• [ACTION ITEM] Exactly the lines from the one with "Ruffle Hem Cut" through the end of the data below must be set down, and no pictures with them.

• [DATASET SECTION]
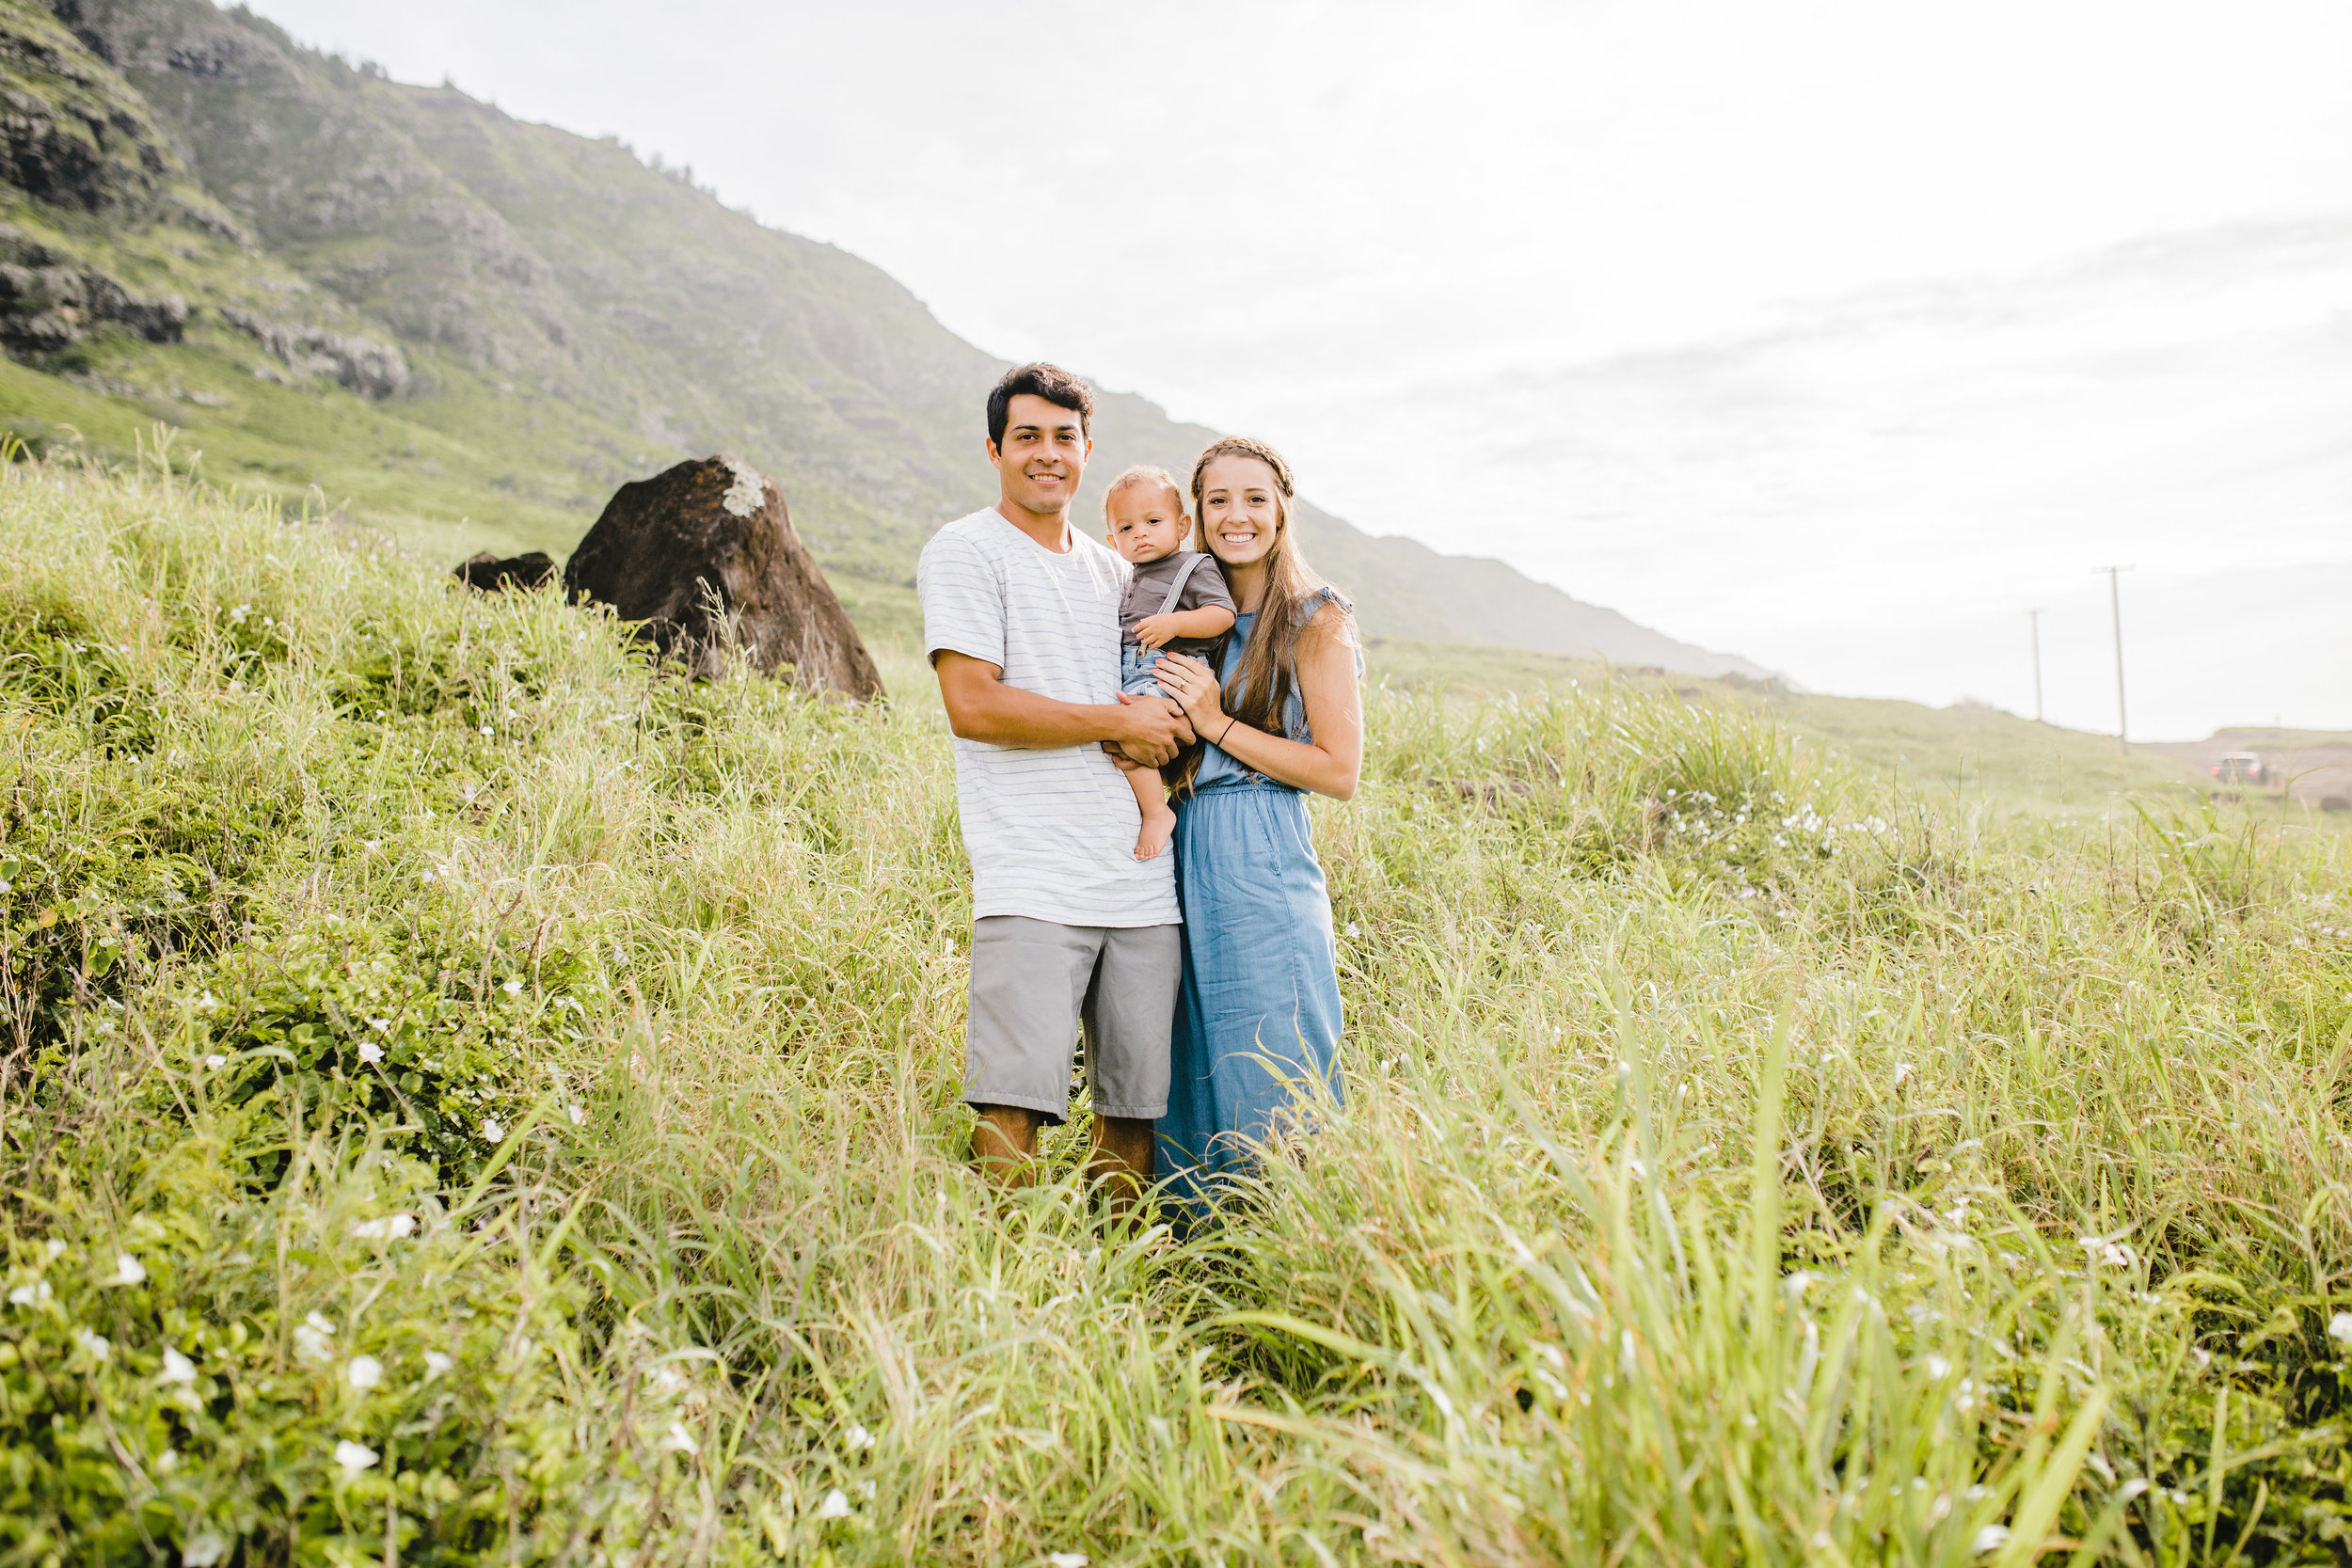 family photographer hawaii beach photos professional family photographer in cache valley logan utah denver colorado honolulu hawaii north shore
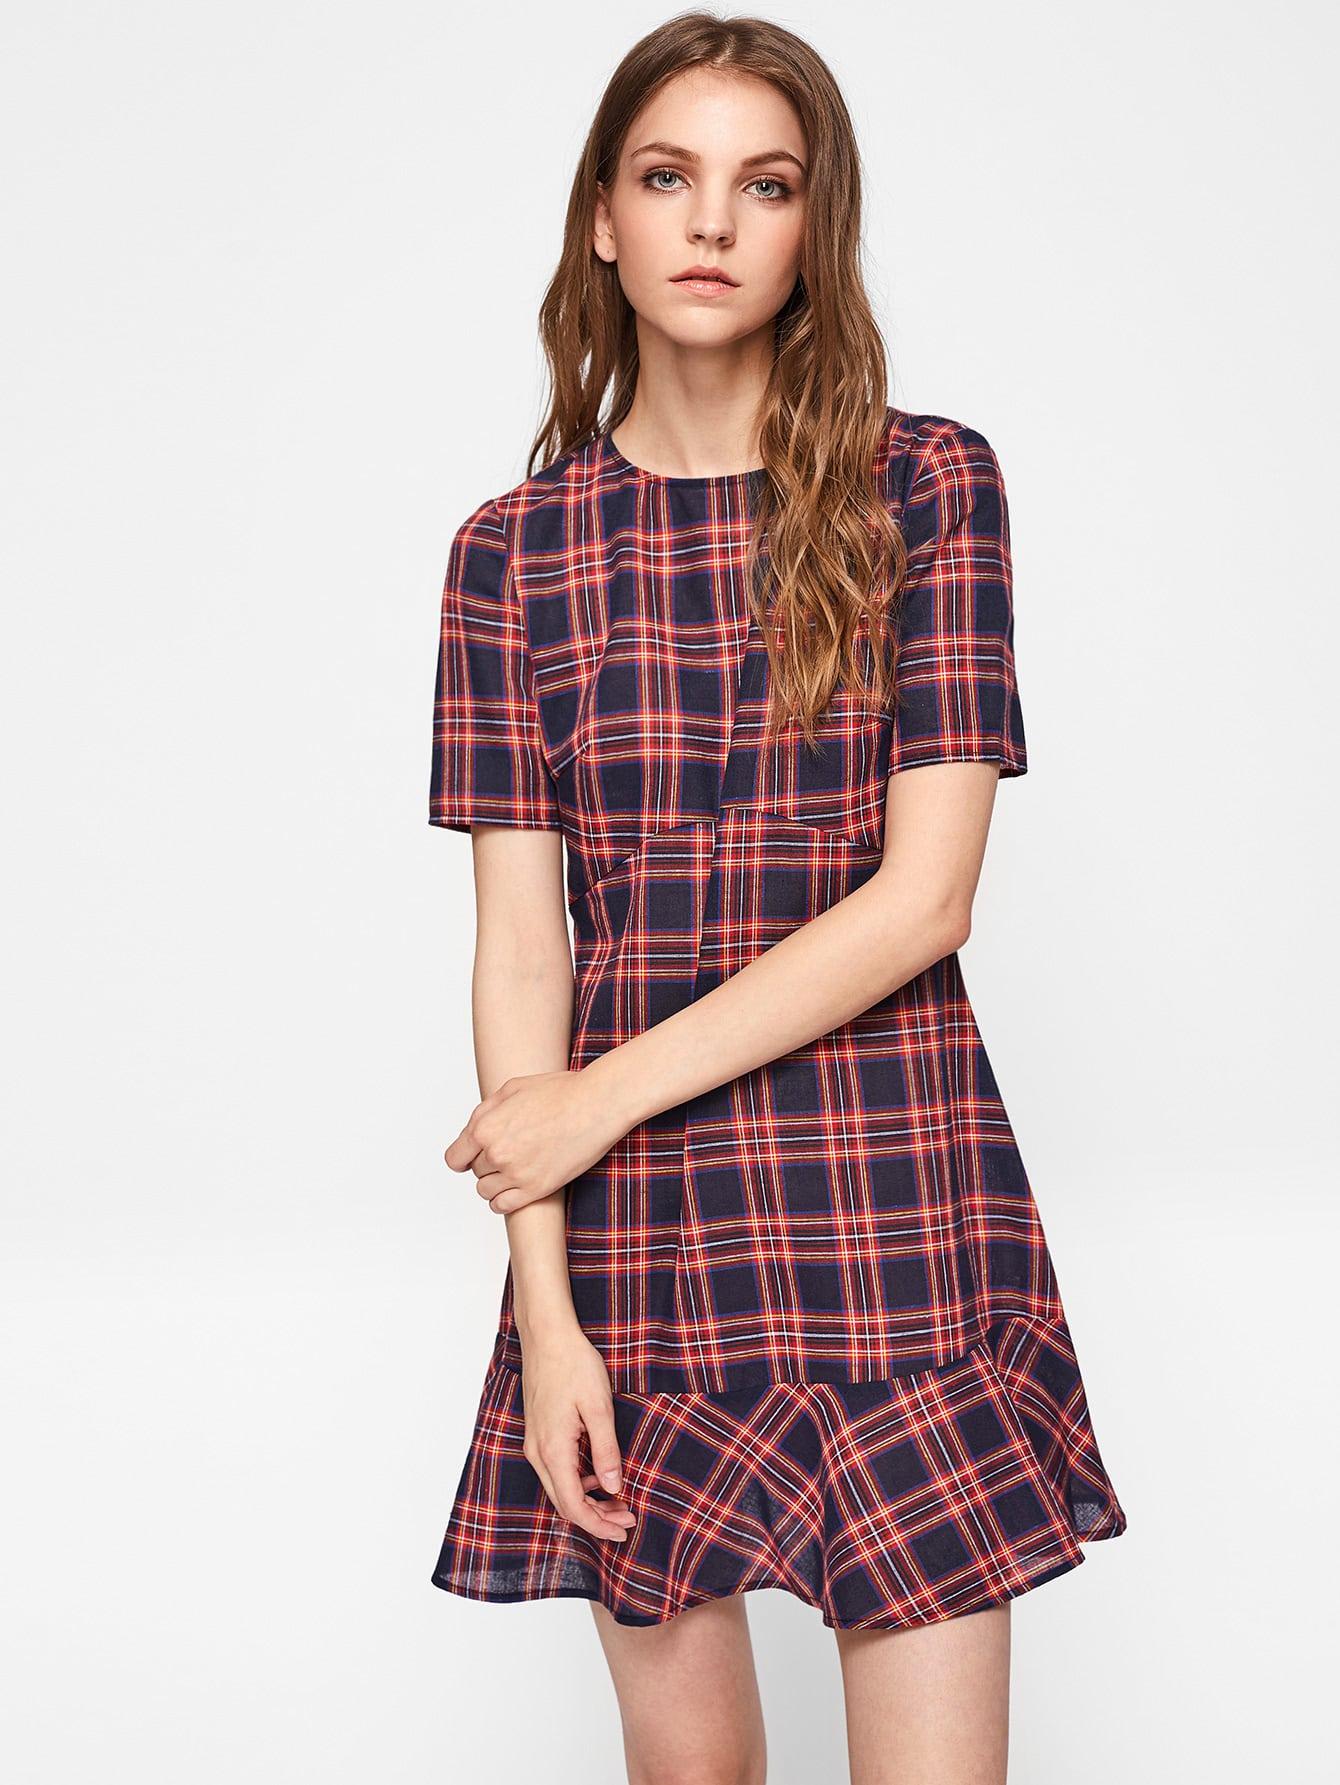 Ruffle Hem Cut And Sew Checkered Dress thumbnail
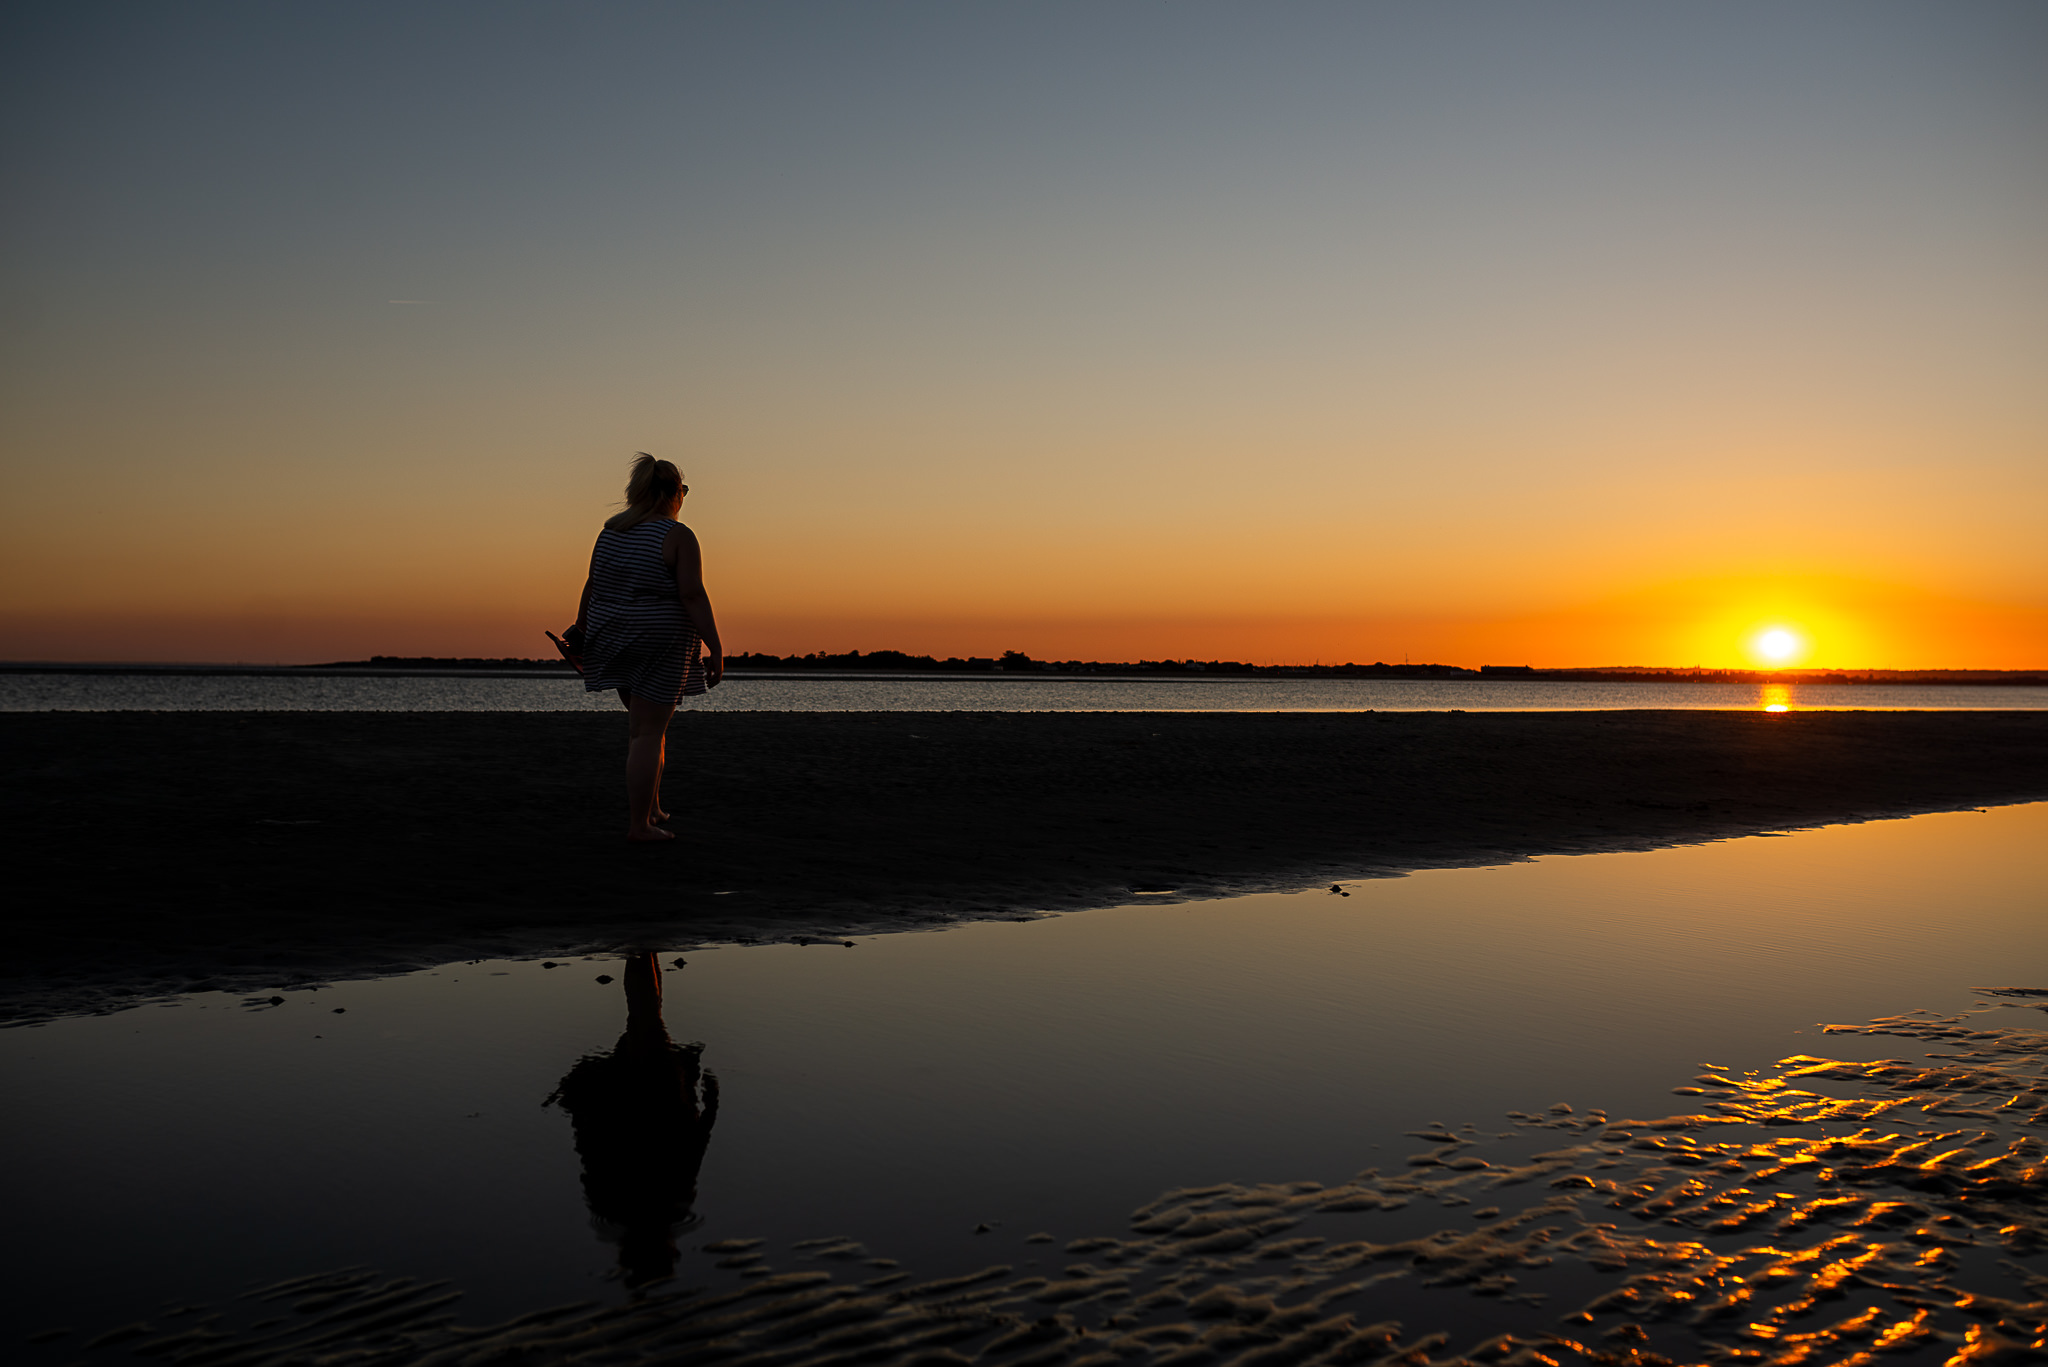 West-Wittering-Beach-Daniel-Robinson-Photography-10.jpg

• [SOLUTION]
 Ruffle Hem Cut And Sew Checkered Dress thumbnail
 West-Wittering-Beach-Daniel-Robinson-Photography-10.jpg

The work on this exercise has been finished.